Taurus-Leo

Profile picture of Leo-Butterfly
Leo-Butterfly
@Leo-Butterfly
6 Years

Comments: 0 · Posts: 4 · Topics: 2
I met a Taurus guy about 4 months ago things heated up quickly then he moved to a new city about 1.5 hours ago from me. We were in contact .mostly text. It slowed down a little since both of us started new jobs and I was trying to be understanding with him. He came home the first weekend he could we had sex and hung out. Then he left and barely any communication. Well I got pissed which I know was wrong but I was angry. I told him he had bad communication skills and was selfish. I got word vomit and told him I hope he finds happiness then regretted what I said later. A week later I text to mail him things I had gotten him for his allergies prior to all of this and I told him I was sorry. He told me maybe I don't speak his love language and I broke up with him and hurt him. First of all I didn't know we were together but I guess it was unspoken since we had gotten so close. Now we are back talking and it's not the same.

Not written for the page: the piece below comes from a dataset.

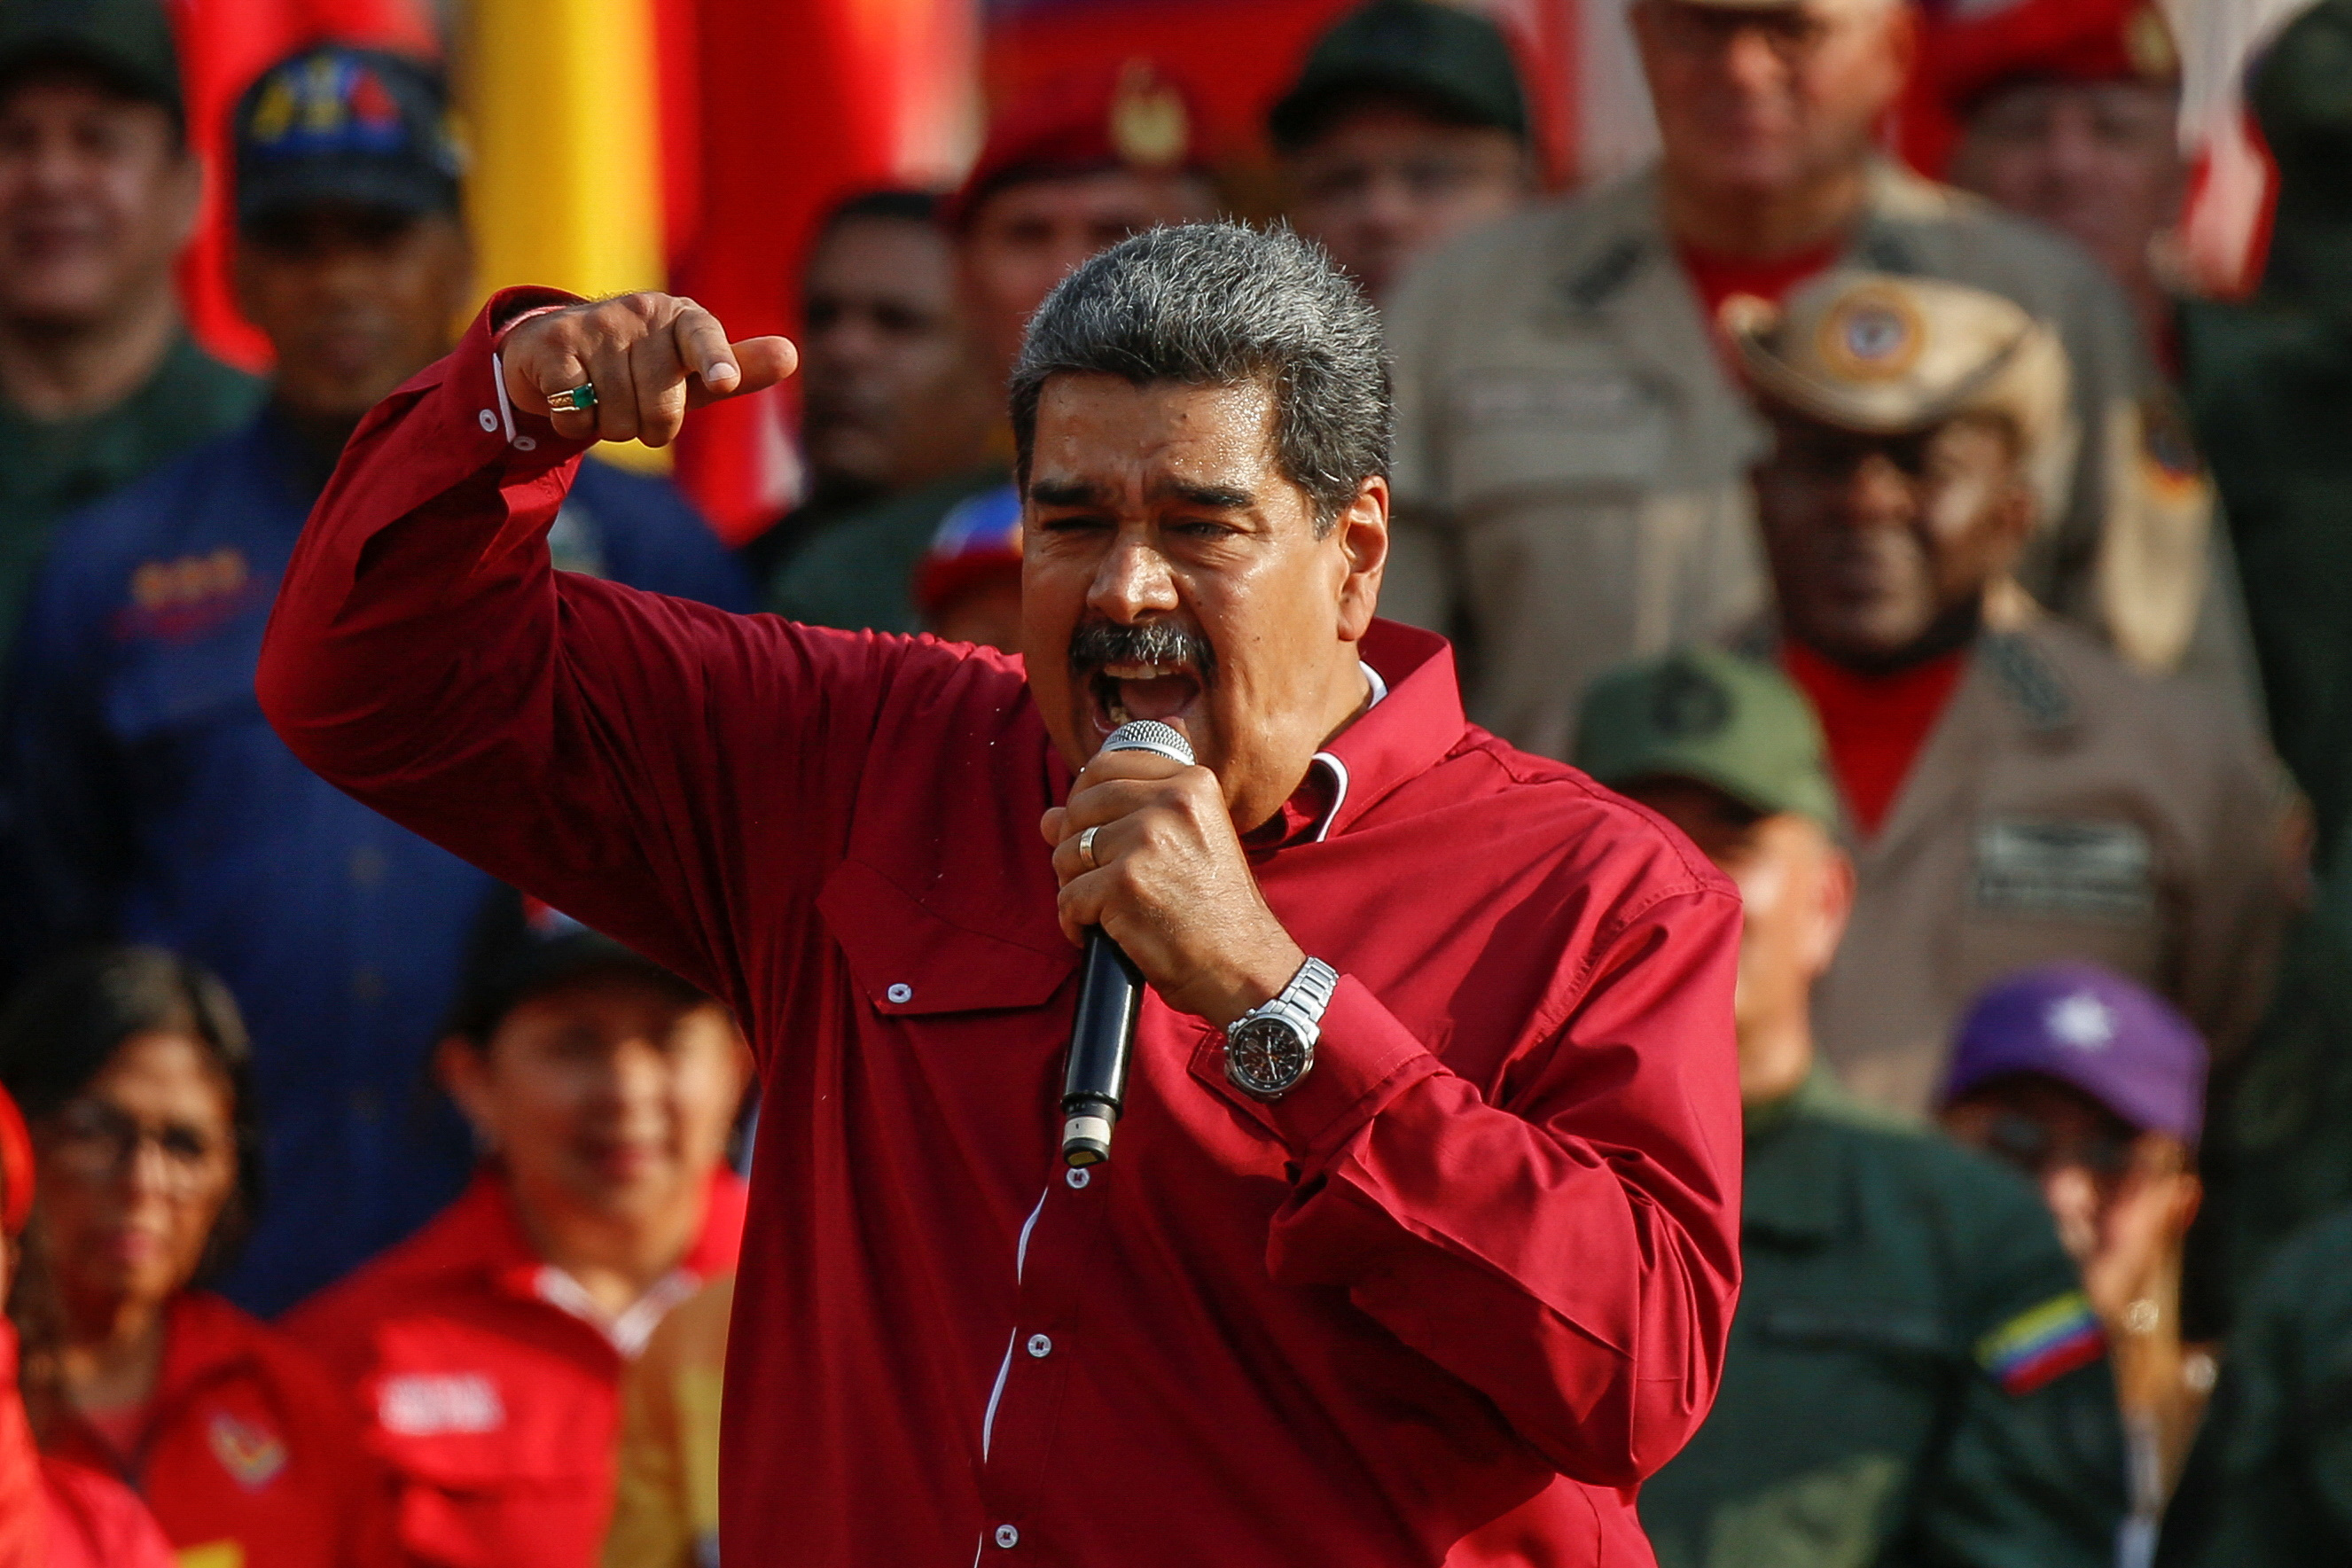 La advertencia de Nicolás Maduro en medio de la purga chavista: “Quien quiera un doble juego, que se atenga a las consecuencias”

I know he talks to others I see him on dating apps and he says he is barely on there. I really want to move on but its so hard. We connected on such a deep level. I tell meself I'm not talking to him anymore at the most I'll go 2 days then poof he text after not texting or when I text prior he takes forever to respond. I keep wondering if he is manipulating me? Deep down I feel like it but I dont want to believe it. Do I have build up trust again or should I trust my instincts and just really move the heck on??
Profile picture of AgentP911
AgentP911
@AgentP911
11 Years1,000+ Posts

Comments: 1 · Posts: 3847 · Topics: 1
This one's easy. Move on. Look, you slept with each other and then because he didn't respond in the way you think he should have you got the arsehole about it. If you can't handle sex outside of a committed, exclusive relationship with someone who is not your boyfriend then don't have sex with guys who are not your boyfriend. It was your decision. It happened. Maybe it was good sex, maybe it wasn't. He's miles away now and there's no point worrying about it. Just chalk it up to experience and take time out to just enjoy life.